▶ **INFORMATION PROVIDED**:
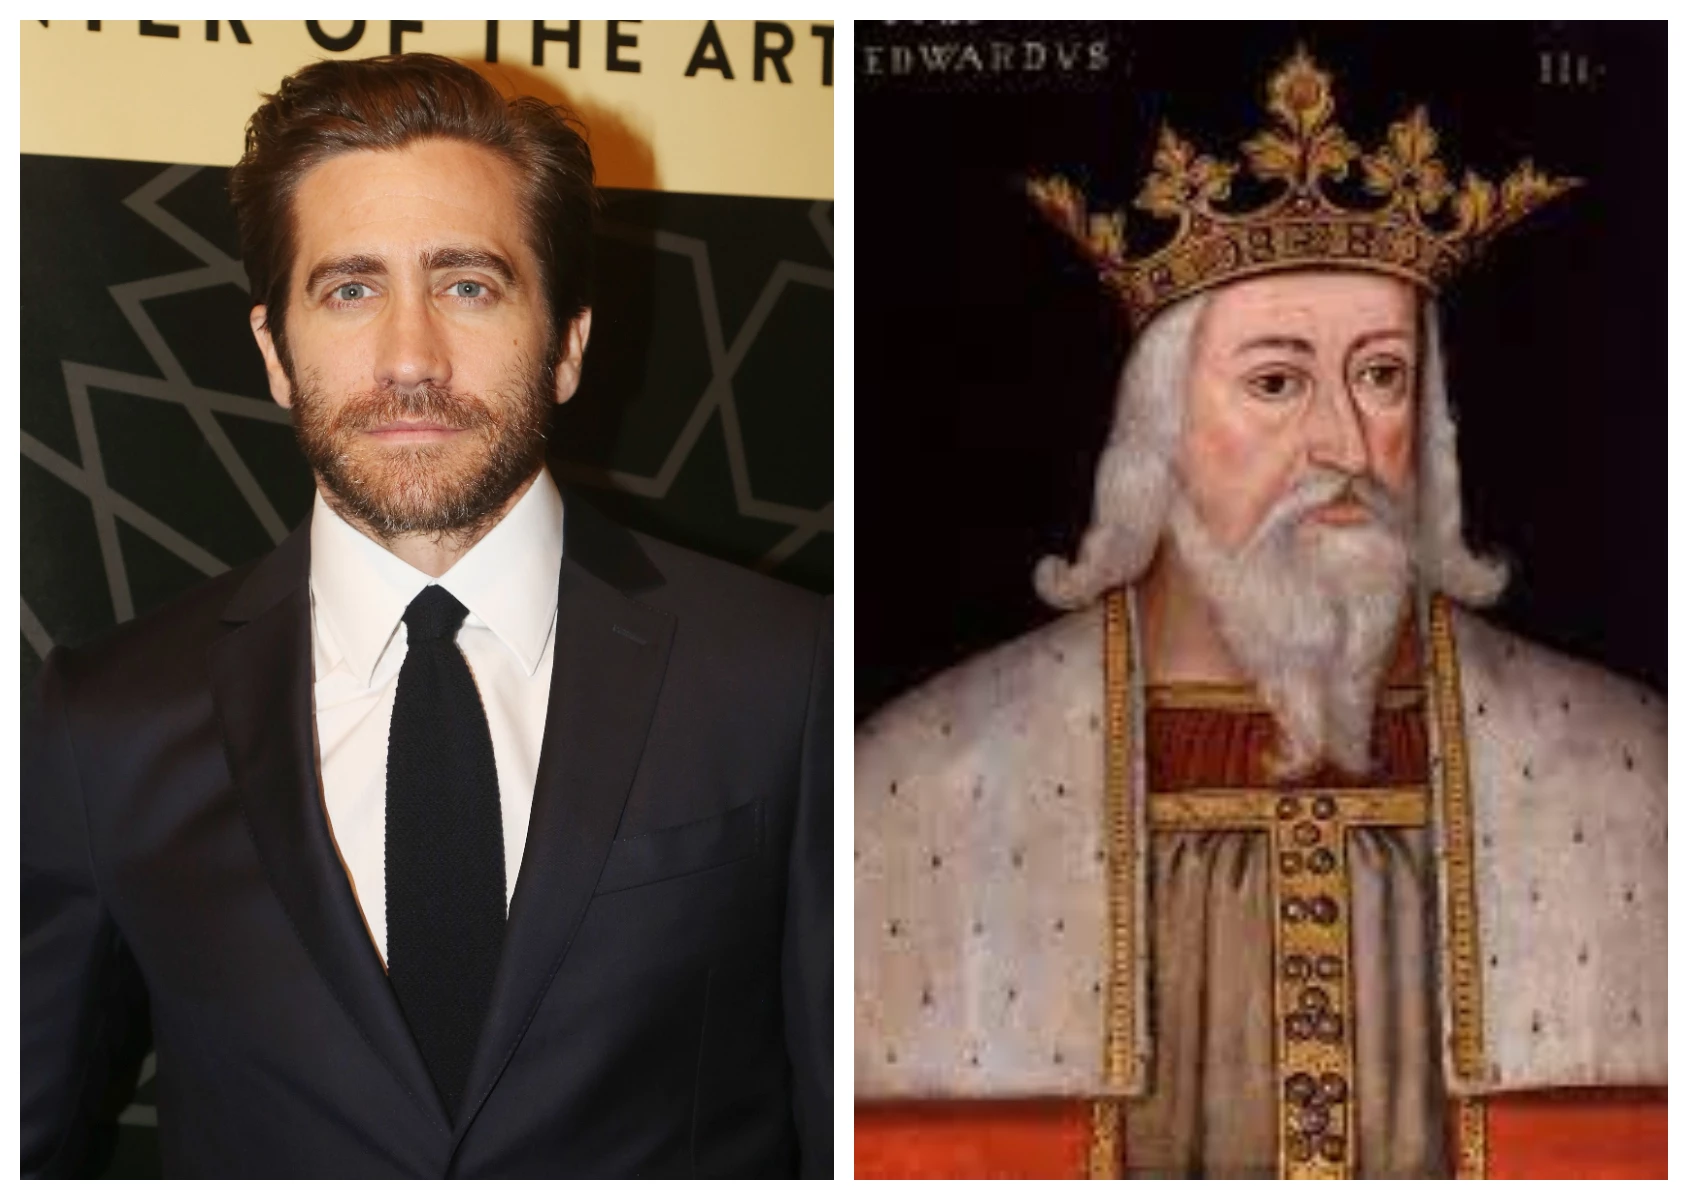 Jake Gyllenhaal and King Edward III
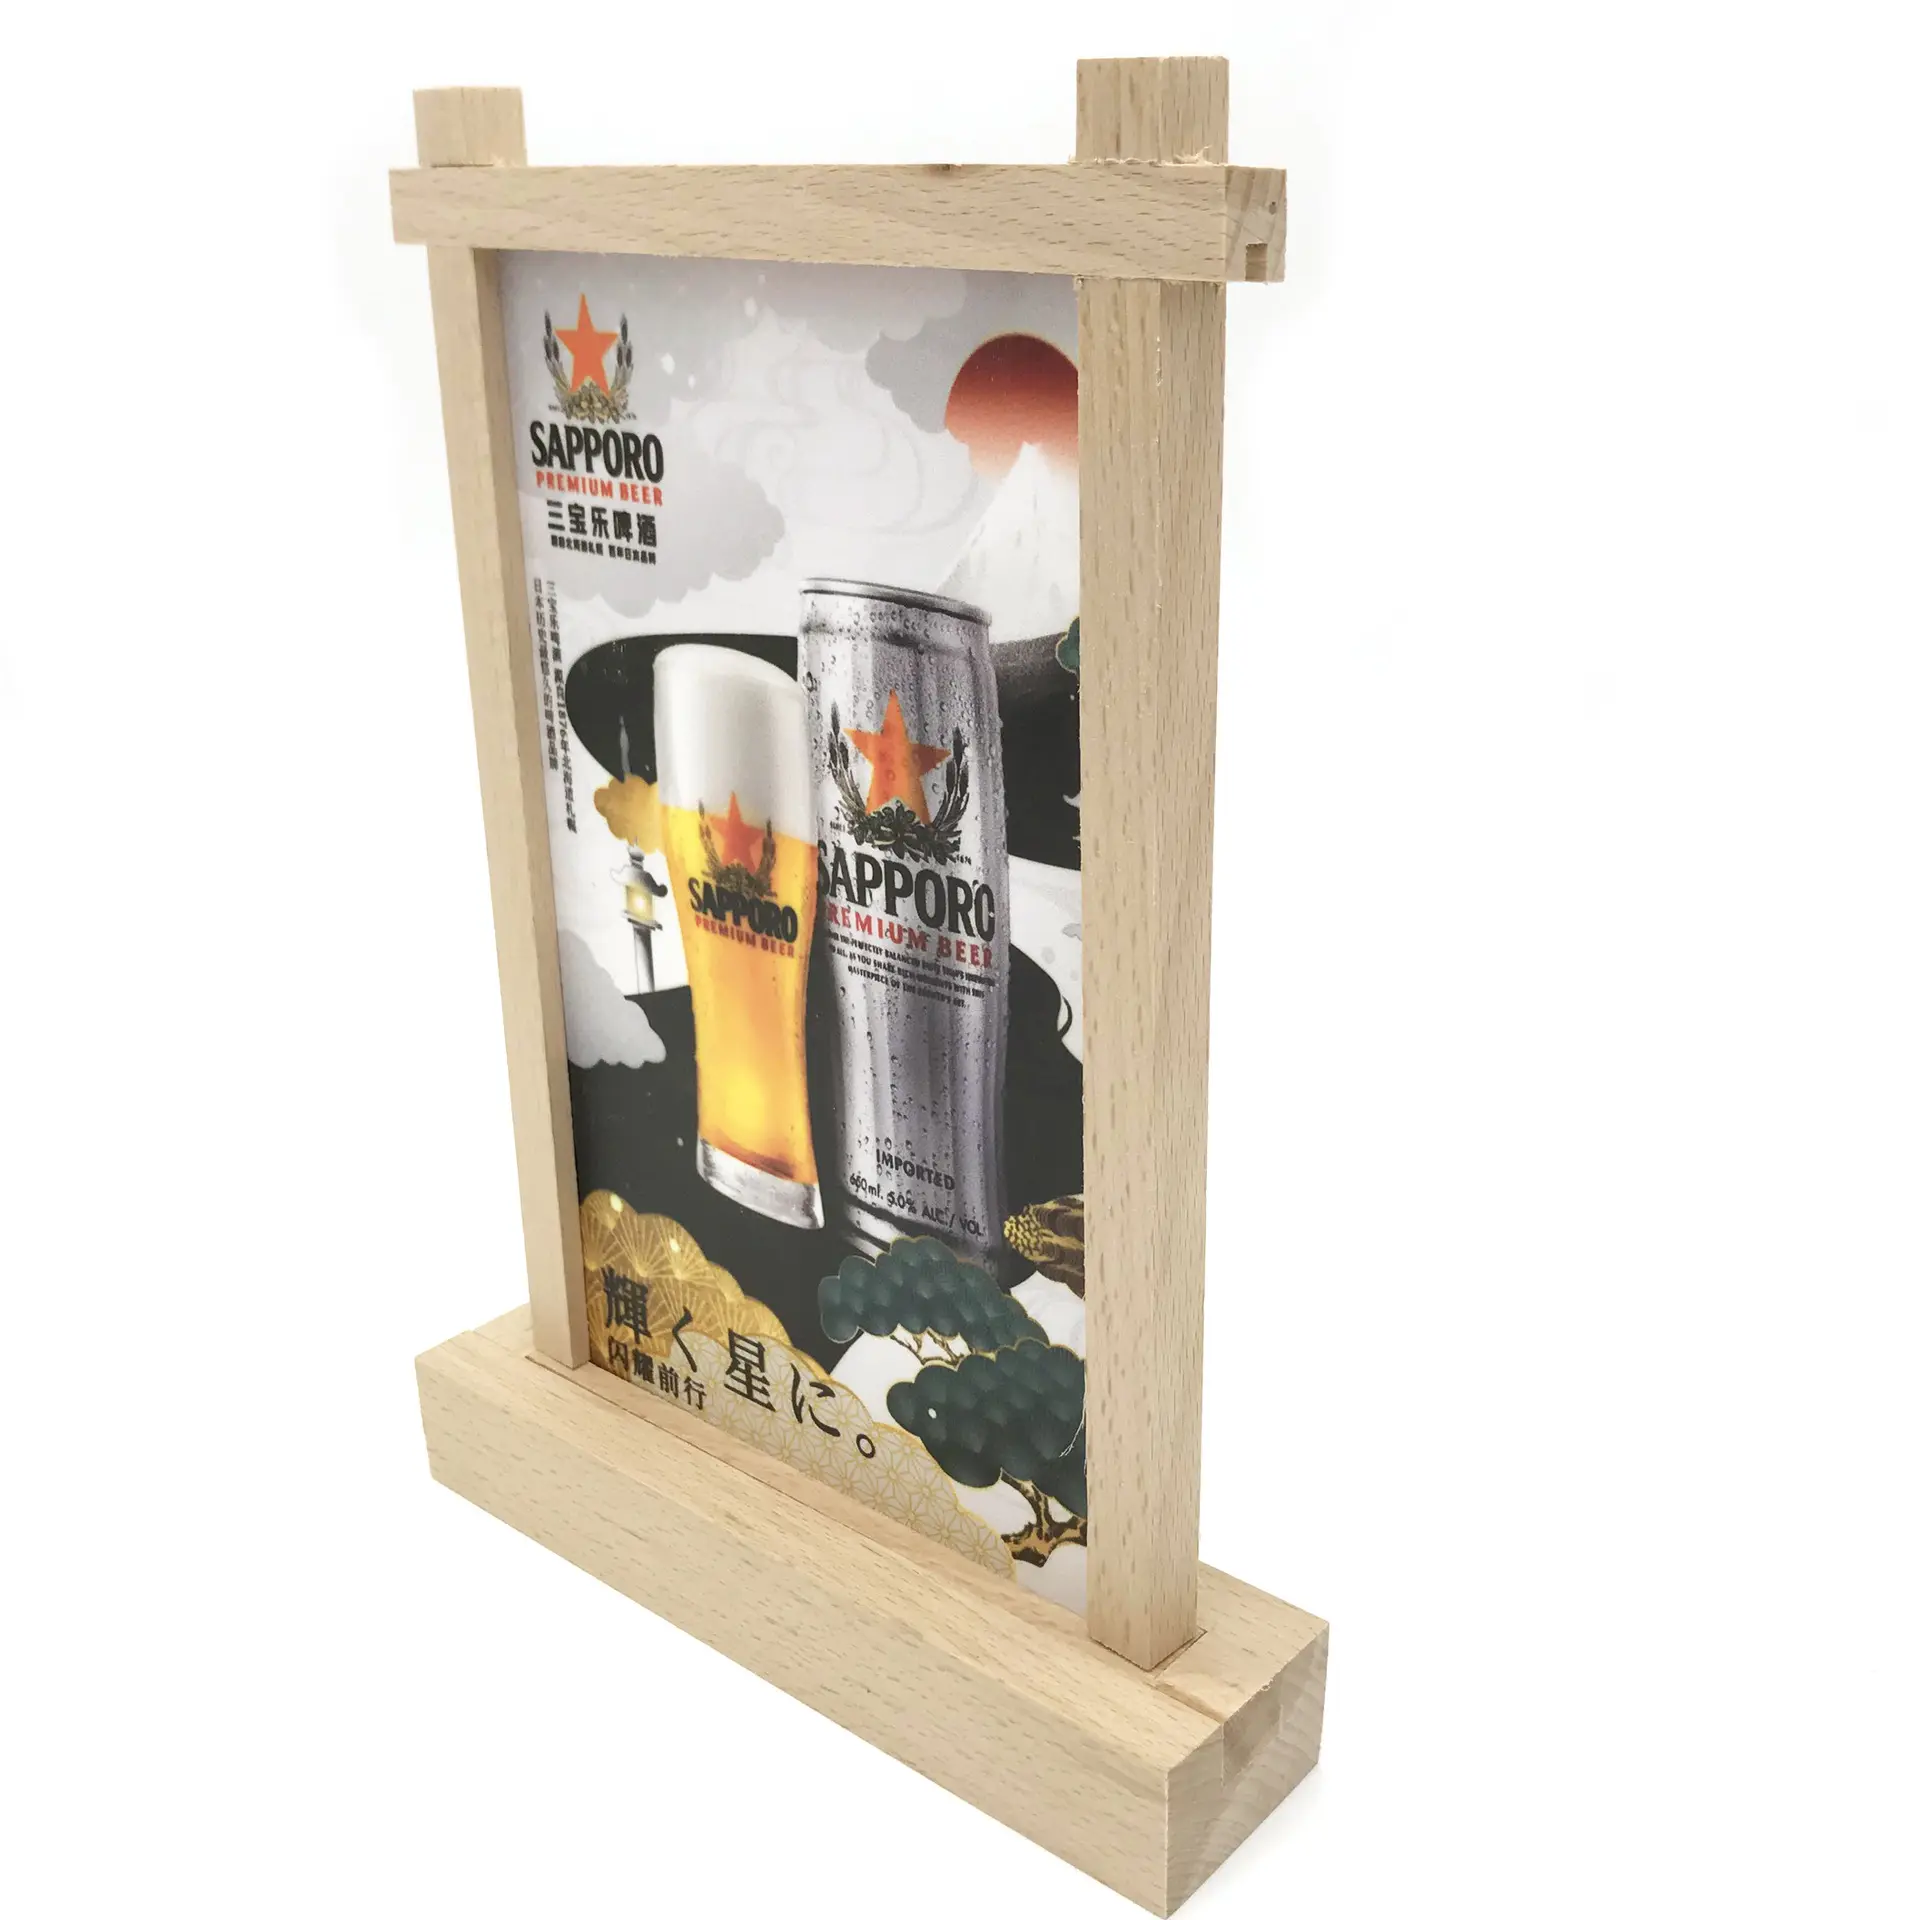 Holz Acryl Menü halter Tischplatte Zelt Mini Menü Tafel Klar Acryl Rahmen Holz Basis Restaurant Display Menü
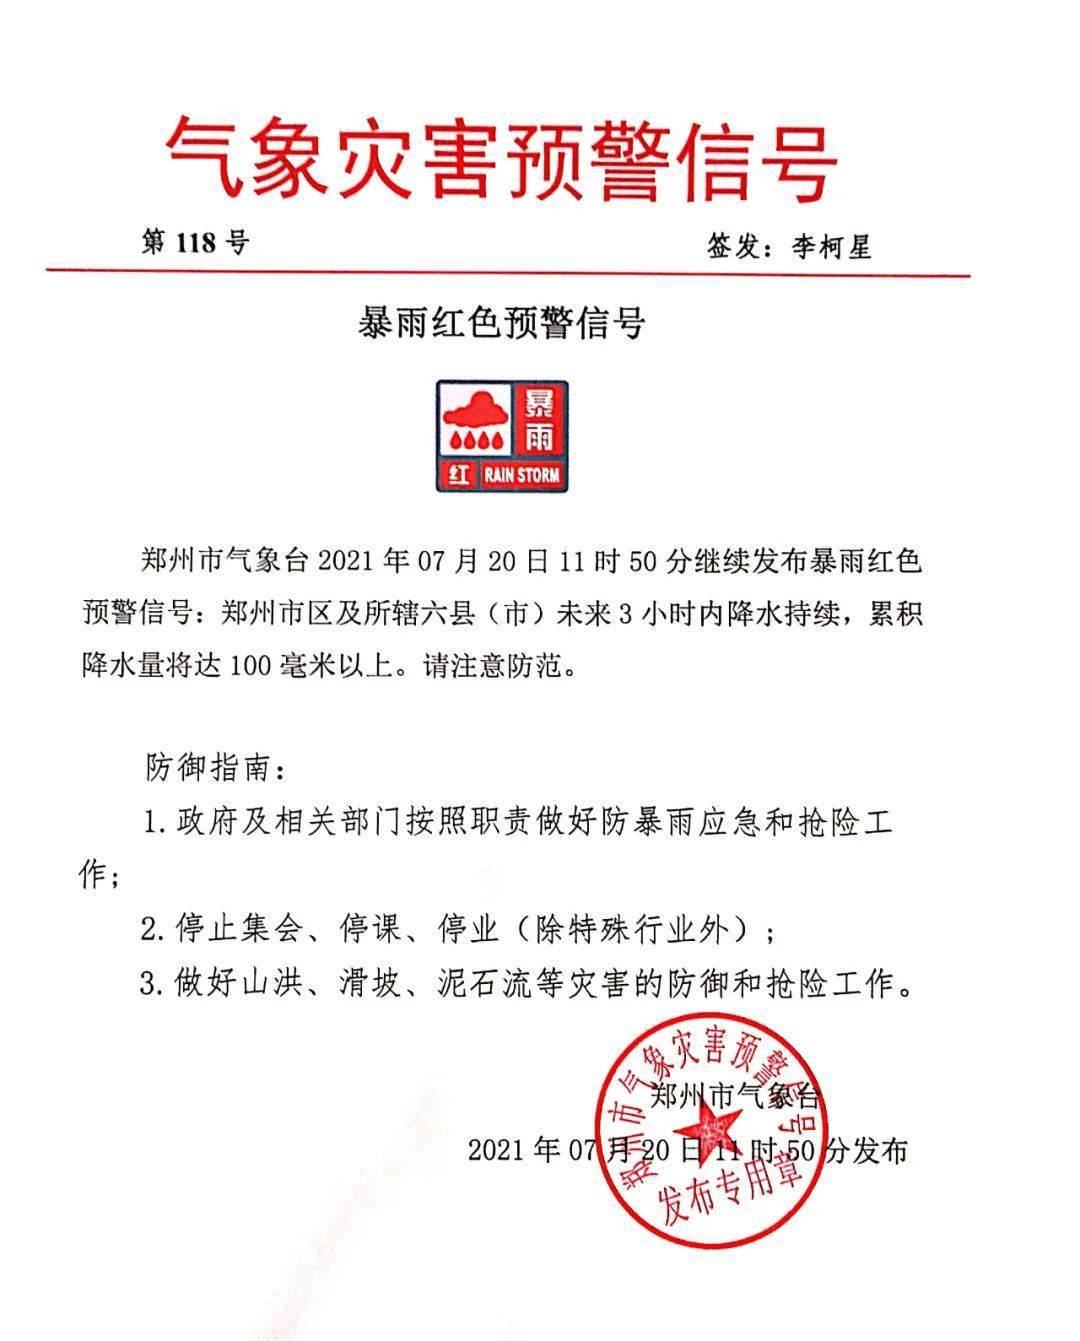 郑州市防汛抗旱指挥部关于提升防汛应急响应至Ⅱ级的紧急通知各区县

▶ **INSTRUCTIONS TO FOLLOW**: Using the data above, write out every line exactly, leaving the images behind.

▶ **SOLVED EXERCISE**:
 Jake Gyllenhaal and King Edward III
 Holz Acryl Menü halter Tischplatte Zelt Mini Menü Tafel Klar Acryl Rahmen Holz Basis Restaurant Display Menü
 郑州市防汛抗旱指挥部关于提升防汛应急响应至Ⅱ级的紧急通知各区县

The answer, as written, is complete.